The third contextual issue was putting Bunyan into the religious landscape of his time. Religious freedom and religious inquiry were current and vital topics in England in the 1600s. England was in the middle of the Restoration. The Stuart kings were Catholic; Parliament, on the heels of the Commonwealth, was holding the line at maintaining the supremacy of the Church of England. Any other religious expression, including the burgeoning number of Protestant reformers, was forbidden. Bunyan was jailed as "a non-conformist" minister more than once between 1658 and 1672; he may have written much of The Pilgrim's Progress while in jail. Even with limited knowledge of the religious issues, I could pick out characters who reflected the societal turmoil and Bunyan's views of that turmoil. So historical context number three was that this book was written during a time of great religious upheaval, in which Bunyan was deeply involved and for which he was jailed, and that the societal issues, as well as Bunyan's religious beliefs, are part of the narrative. 

I'm not sure these three contextual realizations made reading Bunyan any easier or smoother, but they did allow me a framework in which to place myself as I worked my way through this work over three hundred years after it was written.

Next up is Vanity Fair, written 150 years later and taking its title and theme from a locale in The Pilgrim's Progress. From there, I will jump forward another almost half century and reread Little Women.
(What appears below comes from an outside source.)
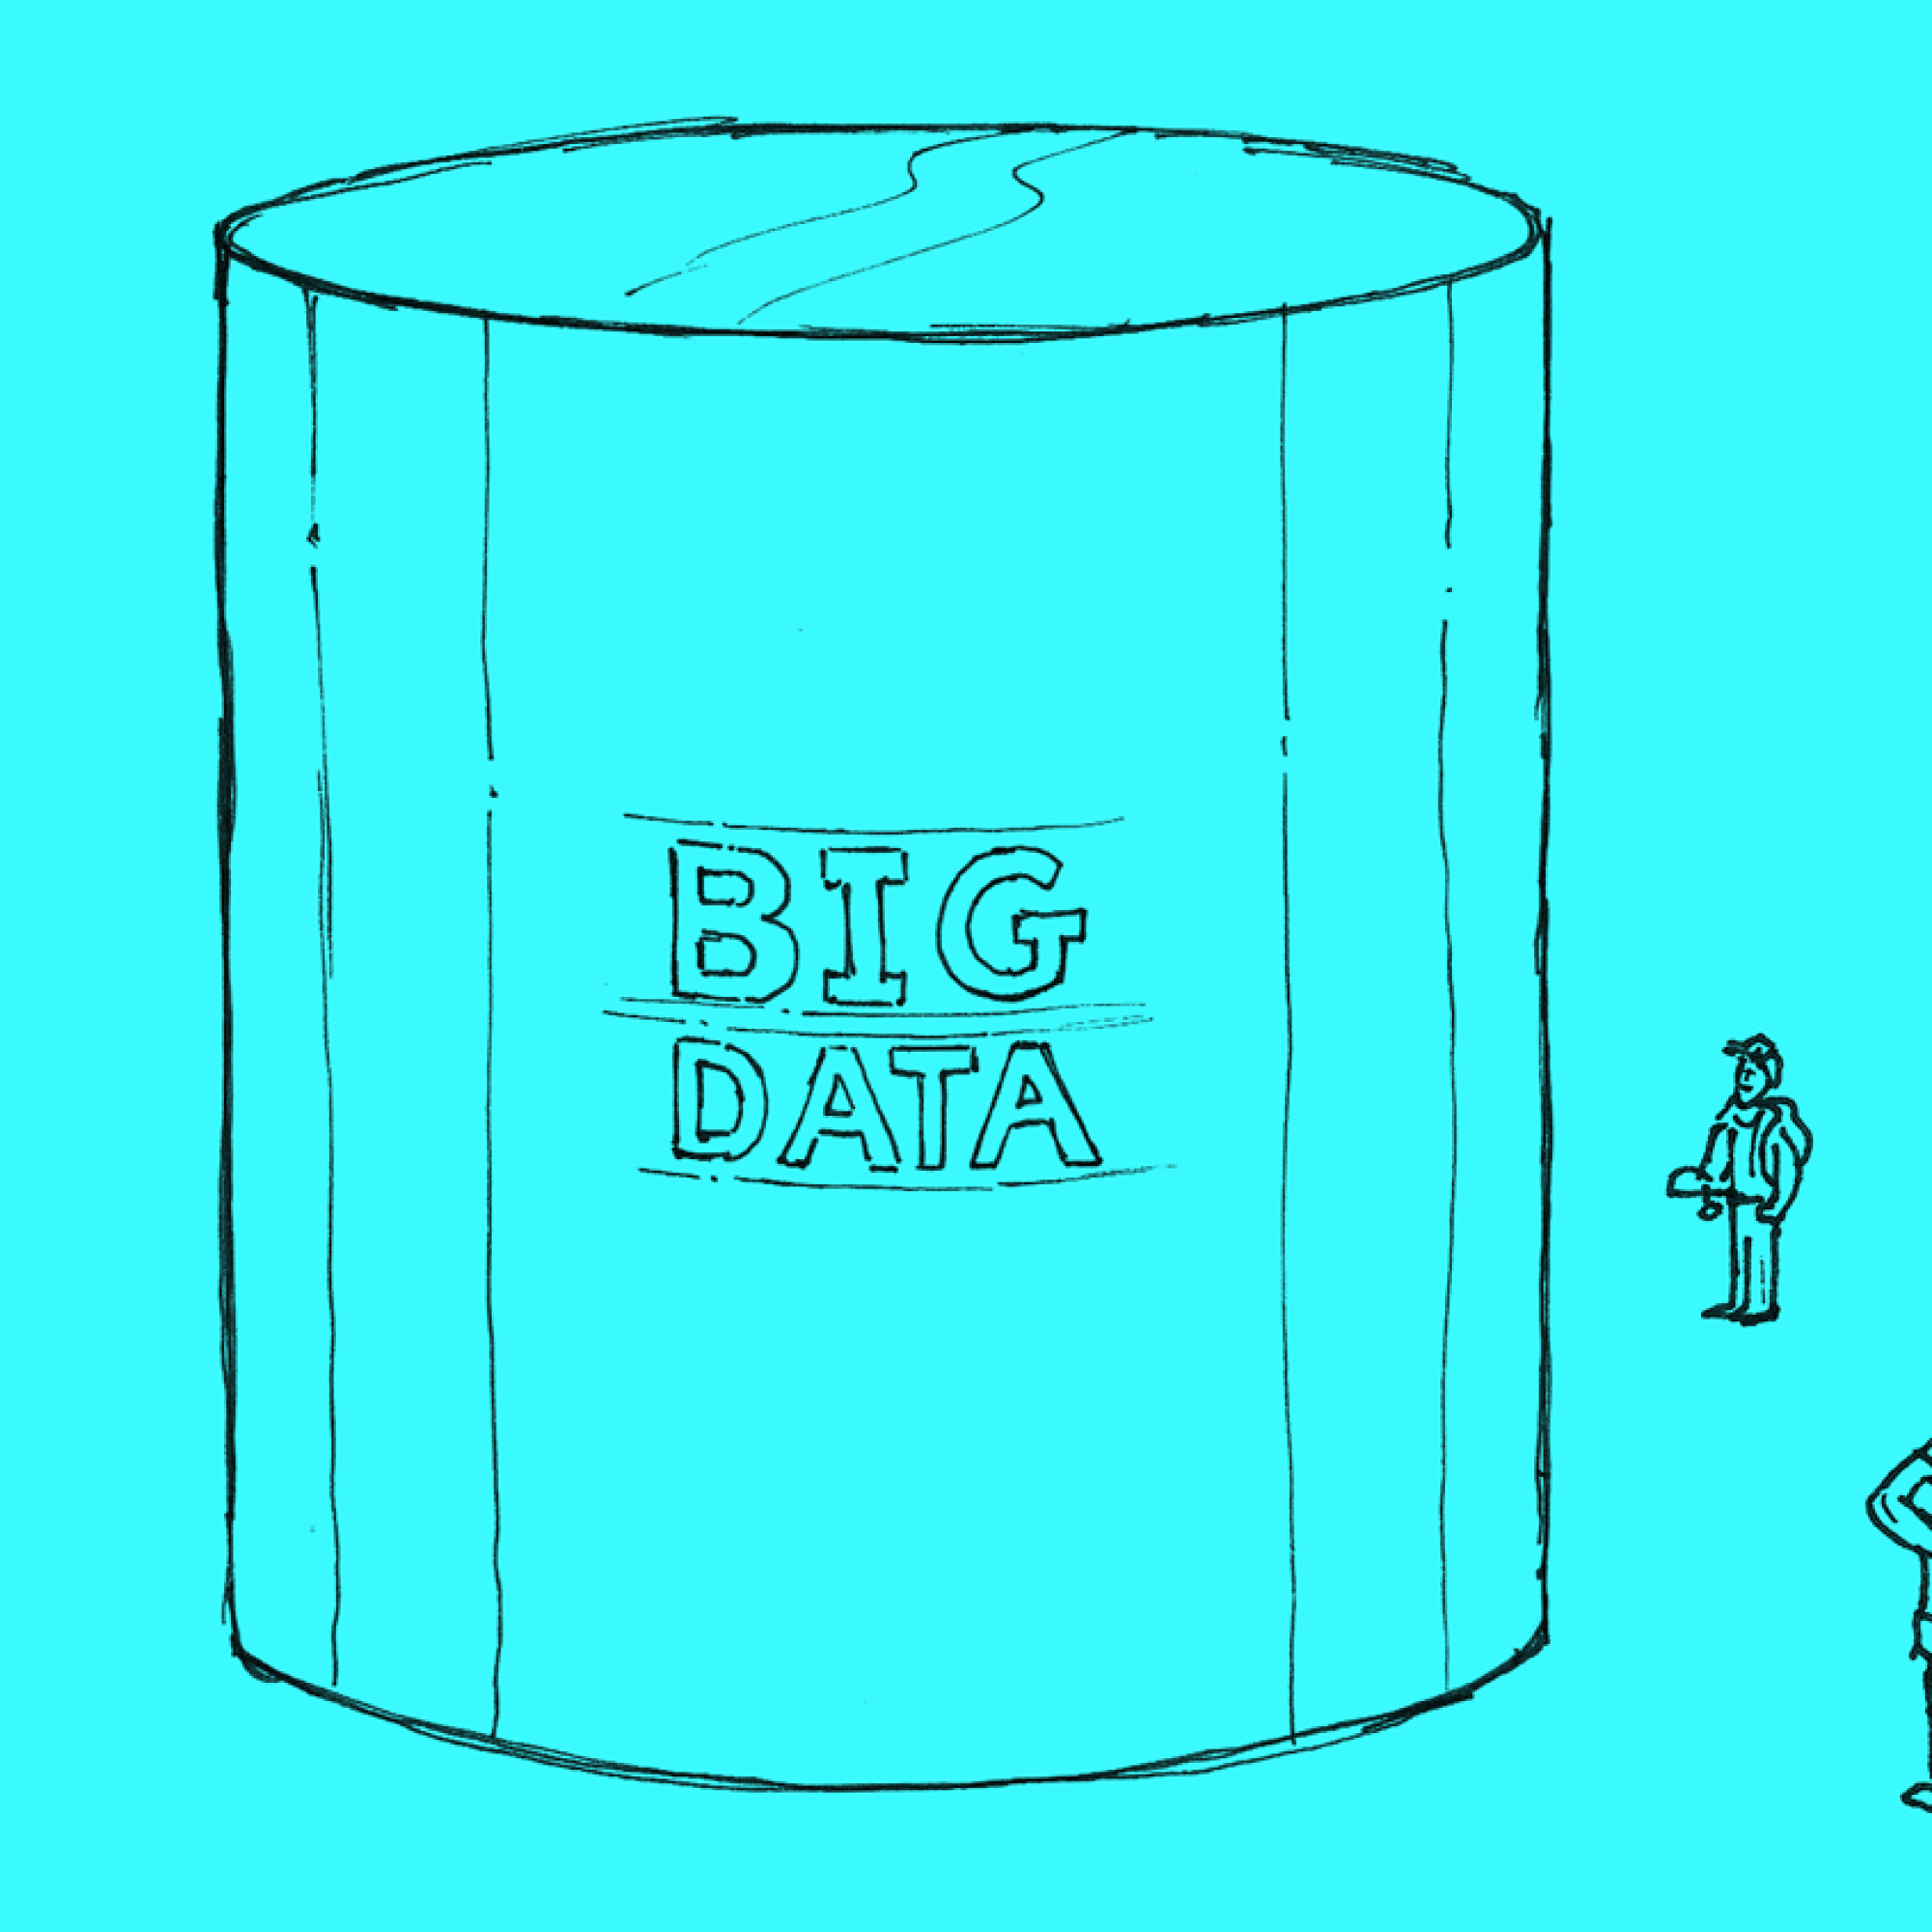 Guest Post: Big Data - Does Size Matter? by Timandra Harkness

Why Little Women? Louisa May Alcott was intimately familiar with The Pilgrim's Progress and references to it are laced throughout her great work. Alcott was writing two centuries later, but she was clearly well-versed in the book and made ample use of Bunyan's work to advance her own story. I have a feeling that I may read and understand Little Women differently after having read Bunyan. While reading Bunyan, I had several moments of "ah, so that's what Alcott was talking about."

So many times one book is a springboard leading to another or to a whole line of books. I got interested in reading Bunyan from reading Payback - Debt and the Shadow Side of Wealth, a 2008 nonfiction work by Margaret Atwood. Reading backwards to 1678, I am now springing forward to the 1800s. From there, it is anyone's guess, including my own, which direction I will turn.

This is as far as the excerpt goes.